I agree with your statement about the study being true in other countries and other institutions. This post drew my attention because in class we have been learning about the race issue and how different cultures can affect your jobs and earnings. I thought it was interesting that only 16% of the people that responded were black. I also agree that this example shows that white privilege is actually a thing in the United States.

This was a very intriguing article.What drew me to it was the term “white privilege”.I must confess I know nothing of this white privilege.I always thought the term “blue blood” meant privileged and I was just curious as to when privilege came to a whole race of people.
After reading this piece,I also was confused as to what was meant that black people people’s goals were achieved but the rewards did not measure up to white people's rewards.This is a little vague.vague. Aren't one's goals and rewards a personal thing? Thus,how can you compare black people goals and rewards to white people’s?There is an adage that say you are comparing apple to oranges and I think that fits this post.
I enjoyed this post in the fact that it stresses the undertone of racism that black people have to face Racism is an obstacle. I agree.Obstacle are meant to be overcome.I find it admirable that racism obstacle have been overcome.JackIe Robinson is an American hero who deserves all the accolades he receives.There are countless others who have faced the gauntlet of racism and have prevailed.We still have a long way to go though.Take heed progress is being made!

This title was extremely interesting and drew me in because I think the concept of the inequality and discrimination in schools is not talked about enough. We are born and bred in a country that strides itself on equal opportunity for people of disadvantage or poverty to rise out of the ashes and overcome the impossible. We are taught to understand that everyone, no matter ethnicity or socioeconomic status, will be given access to the same education. However, as many of us college students have come to realize, this is not always the case. I completely agree with your points about the ability to get a job being impacted by race.
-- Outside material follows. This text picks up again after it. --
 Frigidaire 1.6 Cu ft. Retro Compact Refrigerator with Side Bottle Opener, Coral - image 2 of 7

Senior year of high school I went through an extremely uncomfortable and memorable experience. Ever since I was younger, I have had two best friends, one of whom was white and the other black. We all became aware of an extremely coveted internship that one lucky student would get after graduation, and the two of them decided to apply for it. This by itself made me nervous, but I just stood aside and was ready to deal with the repercussions when we found out who got it. Celina, white, and Abigail, African American, pushed each other away before they even found out who got it. Then the day came when Celina got the acceptance letter. Abigail cried in my arms. They both had the same GPA, both played a varsity sport, and Abigail even did better on her SAT. It made no sense, but then again it almost made too much sense. Deep down we all knew that the color of her skin was the determining factor, but none of had the courage to say it. I think that is why your piece of writing is so important. This issue is prevalent everywhere, but people are too afraid to acknowledge the obvious. I think what could make your point even stronger is if you delved deeper into why these social structures that limit job distribution are the way that they are. It could add compelling evidence to an already great piece!
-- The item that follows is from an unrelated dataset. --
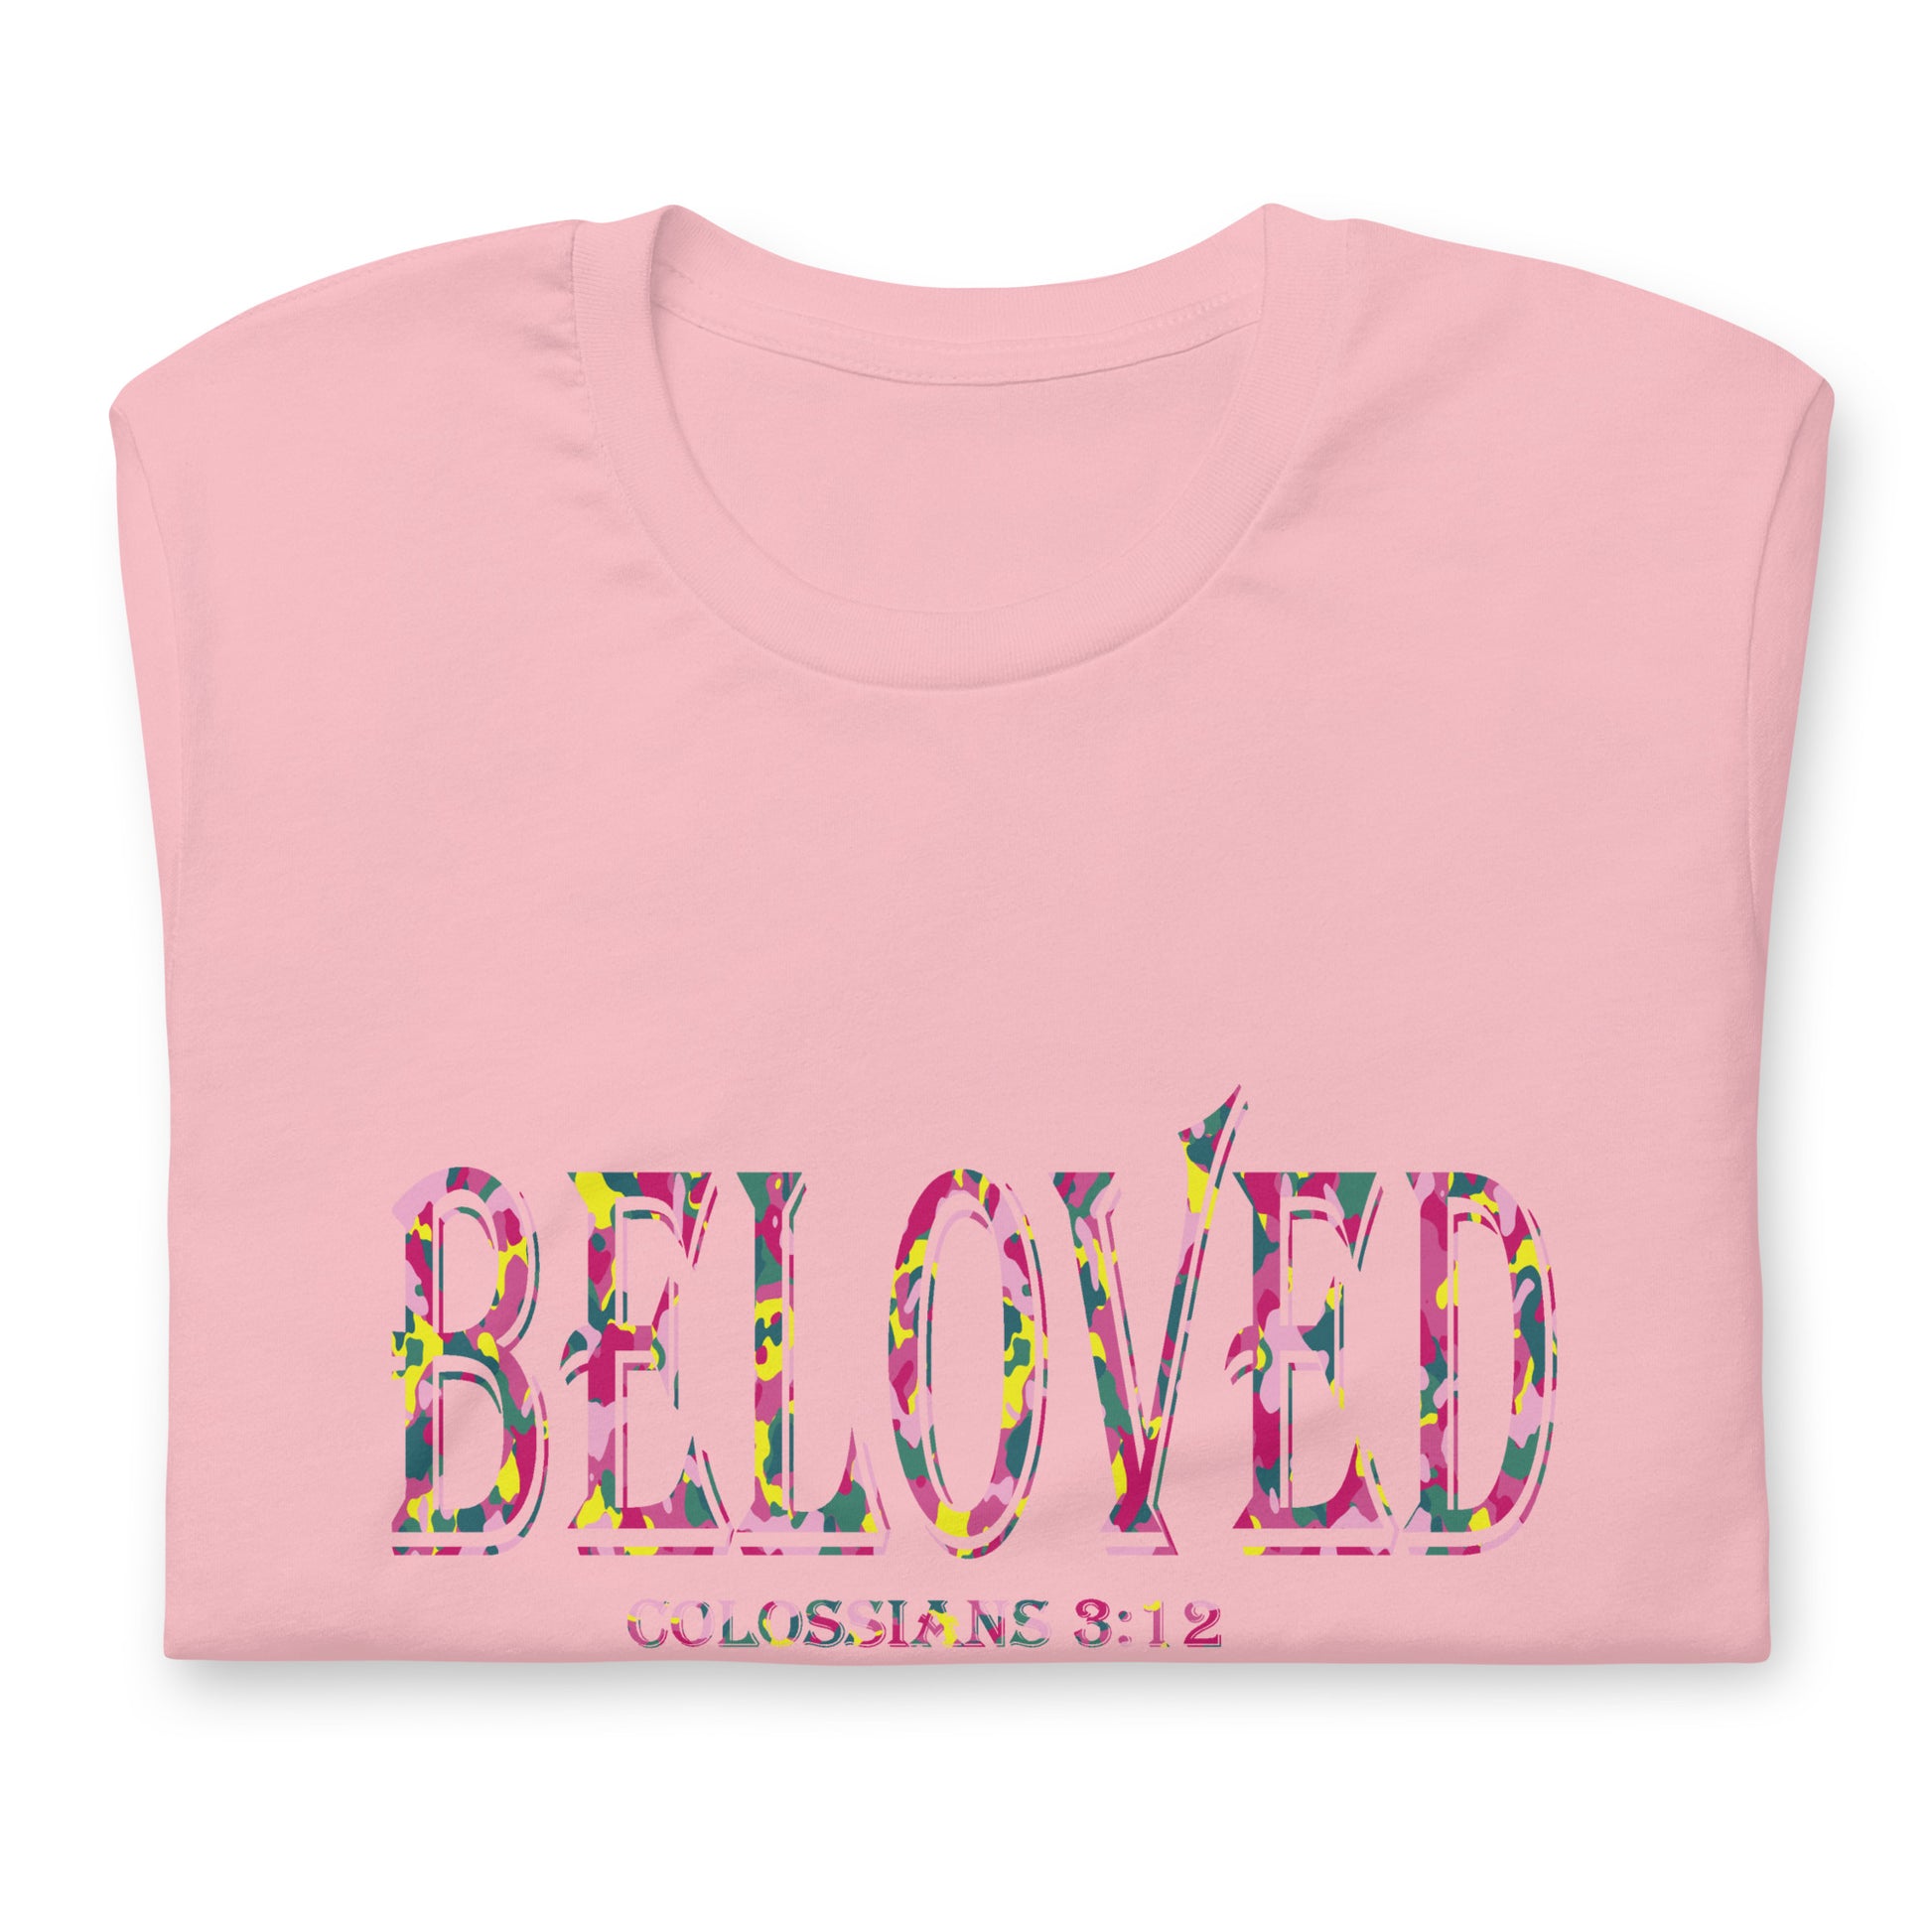 Colossians 3:12 Beloved T-shirt pink folded

What drew me to this post was the title because it is defiantly something that is on ongoing struggle in america. Also because as a college student who will soon be looking to enter into the working world I believe it is something that is important to be aware of. I like the fact that the researcher compared data from two different time periods in the same decade which was interesting. I was also surprised that the effect of white privilege seem to be much more of a factor after people left school but that gives me hope that as we progress that might change because our generation seems much more social aware and hopefully this kind of privilege can become less of a factor.